MapR is now HPE Ezmeral Data Fabric. At times, this documentation uses "MapR" to refer to both MapR and HPE Ezmeral Data Fabric. For information about supported versions, see Supported Systems and Versions in the Data Collector documentation.

You can use the MapReduce executor to start a custom job, such as a validation job that compares the number of records in files. You can use a custom job by configuring it in the executor or using a predefined configuration object. You can also use the MapReduce executor to start a predefined job. The MapReduce executor includes two predefined jobs: one that converts Avro files to ORC files, and one that converts Avro files to Parquet.

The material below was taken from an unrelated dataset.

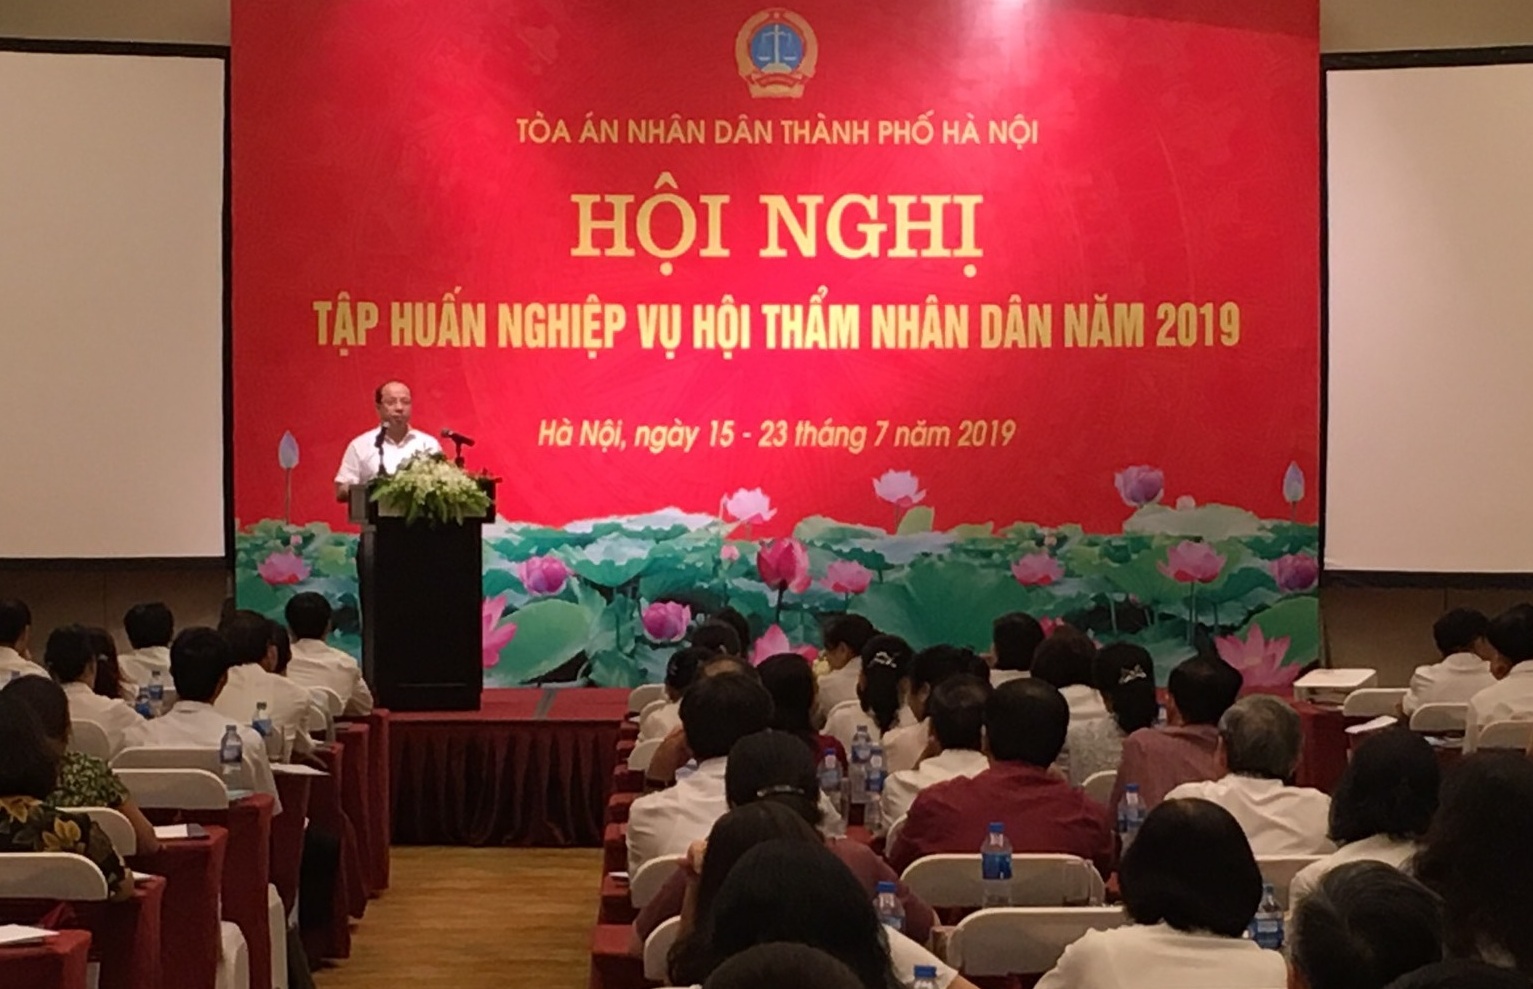 Tòa án nhân dân thành phố Hà Nội tổ chức tập huấn nghiệp vụ Hội thẩm nhân dân

You can use the executor in any logical way, such as running MapReduce jobs after the Hadoop FS or MapR FS destination closes files. For example, you can use the Avro to ORC job to convert Avro files to ORC files after a MapR FS destination closes a file. Or, you might use the Avro to Parquet job to convert Avro files to Parquet after the Hadoop FS destination closes a file as part of the Drift Synchronization Solution for Hive.

Note: The MapReduce executor starts jobs in an external system. It does not monitor jobs or wait for the job to complete. The executor becomes available for additional processing as soon as it successfully submits the job.

When you configure the MapReduce executor, you specify connection information and job details. For predefined jobs, you specify Avro conversion details, such as the input and output file location, as well as ORC- or Parquet-specific details. For other types of jobs, you specify a job creator or configuration object, and the job configuration properties to use.

When necessary, you can enable Kerberos authentication and specify a MapReduce user. You can also use MapReduce configuration files and add other MapReduce configuration properties as needed.

You can also configure the executor to generate events for another event stream. For more information about dataflow triggers and the event framework, see Dataflow Triggers Overview.

For a solution that describes how to use the MapReduce executor, see Converting Data to the Parquet Data Format.

Prerequisites

Before you run a pipeline that includes MapReduce executor, you must enable MapReduce executor to submit a job.

You can enable MapReduce executor to submit a job in several different ways. Perform one of the following tasks to enable the executor to submit jobs:

Configure the YARN Minimum User ID property, min.user.id
The min.user.id property is set to 1000 by default. To allow job submission:
  1. Verify the user ID being used by the Data Collector user, typically named "sdc".
  2. In Hadoop, configure the YARN min.user.id property.

    Set the property to equal to or lower than the Data Collector user ID.

Configure the YARN Allowed System Users property, allowed.system.users
The allowed.system.users property lists allowed user names. To allow job submission:
  1. In Hadoop, configure the YARN allowed.system.users property.

    Add the Data Collector user name, typically "sdc", to the list of allowed users.

Configure the MapReduce executor MapReduce User property
In the MapReduce executor, the MapReduce User property allows you to enter a user name for the stage to use when submitting jobs. To allow job submission:
  1. In the MapReduce executor stage, configure the MapReduce User property.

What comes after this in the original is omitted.